Rosh Hashana: Bring in Jewish new year with new kosher wines.

By MICHELLE LOCKE – For The Associated Press
Since Rosh Hashana is all about clean slates and fresh starts, perhaps it’s time to give kosher wines another chance.

At least, that’s what Aron Ritter, enophile and founder of the New York-based Kosher Wine Society, says about the wines with a reputation for plonky sweetness and the Jewish new year — which this year begins today.

And a growing number of people seem to be listening. This year the society, now at 800 members, is holding its third “new wines for the New Year” tasting, featuring wines from several countries and including about two dozen Israeli wines new to the U.S. market.

“It’s a really cool concept,” said Ritter. “People love to come out and taste new wines, learn what’s new.”

Israeli wine doesn’t have a very high profile in the United States, but the winemaking tradition there stretches back thousands of years.

About 25 years ago, the industry was hit by the kind of reform movement that swept through New World winemaking as new apprentices studied enology in France and California, then took that expertise back home.
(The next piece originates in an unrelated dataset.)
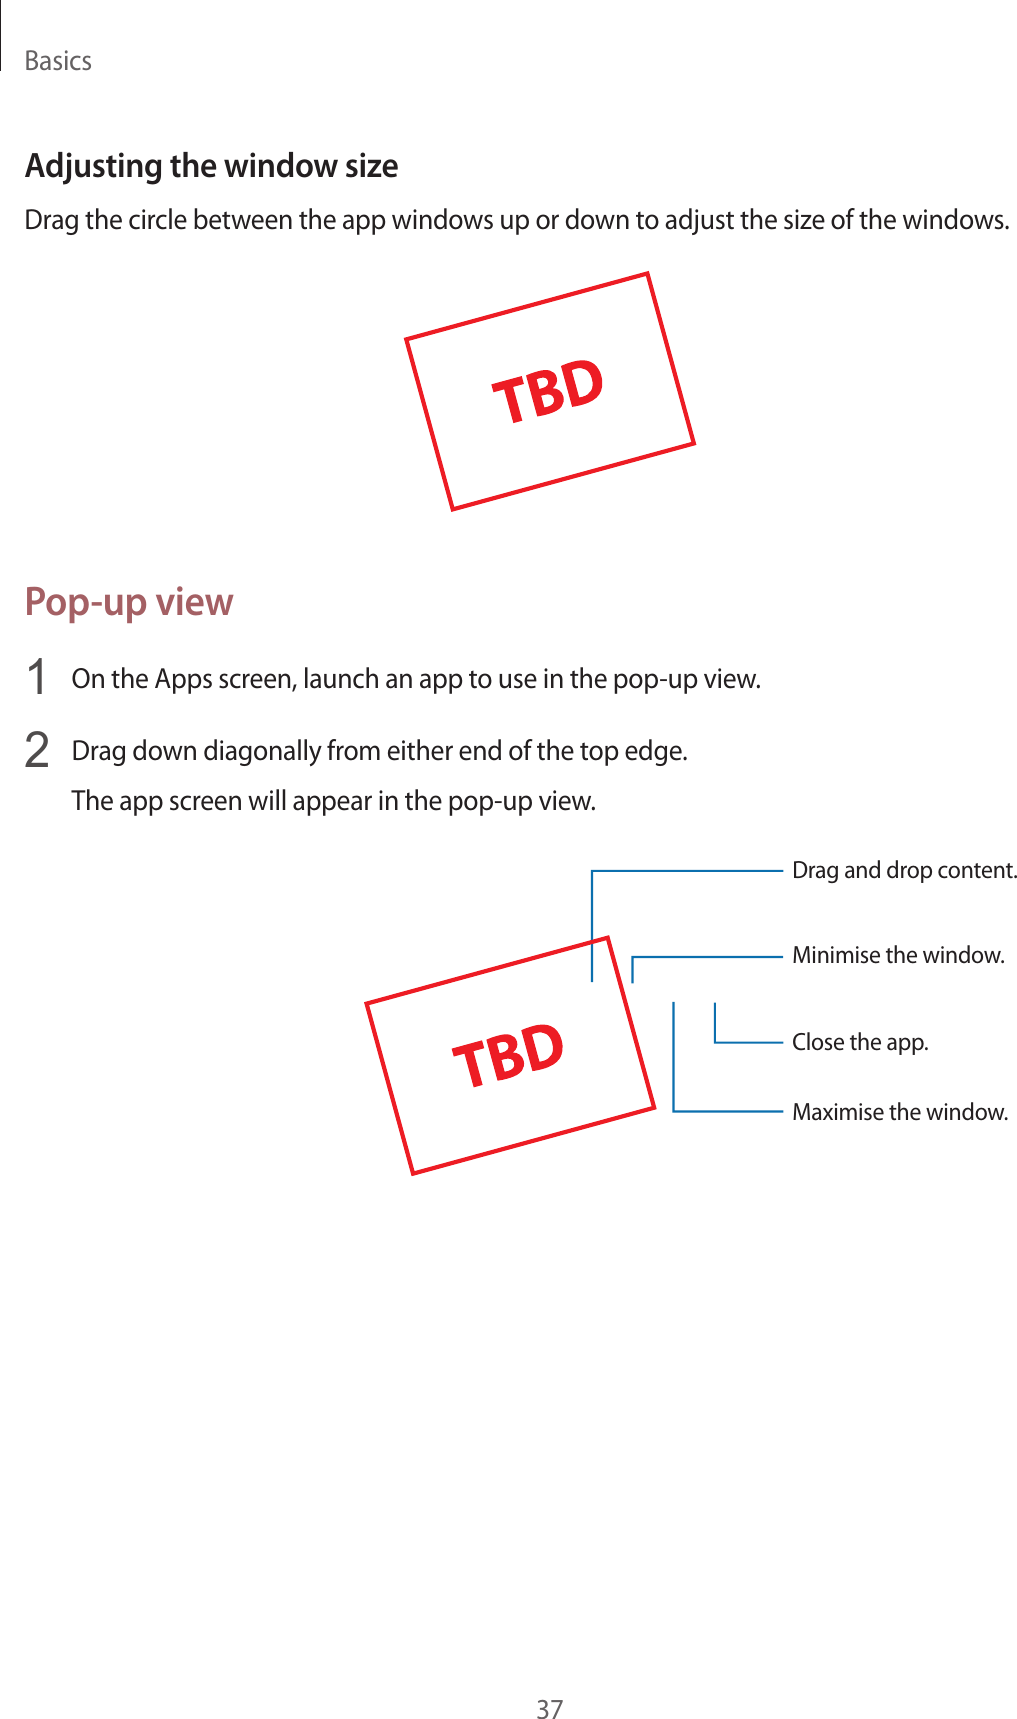 Basics37Adjusting the windo w siz eDrag the circle between the app windo w s up or down t o adjust the siz e of the window s .Pop-up view1  On the Apps screen, launch an app t o use in the pop-up view.2  Drag down diagonally fr om either end of the t op edge .The app screen will appear in the pop-up view.Minimise the window.Close the app .Maximise the window.Drag and drop c ont ent.

“You have all these wineries in Israel that start to say, ‘You know what? There is a market for good quality wine.’ They started to really cultivate the land to produce good quality grapes,” said Ritter.

One issue for kosher wine producers is overcoming the old image of kosher wine as a sweet, cheap product that dates from early producers who made wine in New York state using the Concord grape, which requires sugar to balance its acidity. With more producers making kosher wines out of premium grapes, such as cabernet sauvignon, that perception is changing.

For example, at Carmel Winery, a major Israeli producer, there’s been a switch in strategy from exporting mostly sacramental wine to higher quality vintages.

Kosher wines are a small fraction of the overall wine market, but the segment is growing with more customers looking to upgrade to higher quality bottles, said Gary Landsman, spokesman for Royal Wines, one of the largest importer, producer and distributors of kosher wine in North America.

Kosher wines are also being produced in all of the world’s major wine regions. In Israel, an emerging wine producer, most of the wines produced are kosher, Landsman said.

And the market isn’t limited to customers seeking products made in compliance with Jewish dietary laws.

“You are seeing non-kosher consumers purchasing kosher wines because they are good,” Landsman said.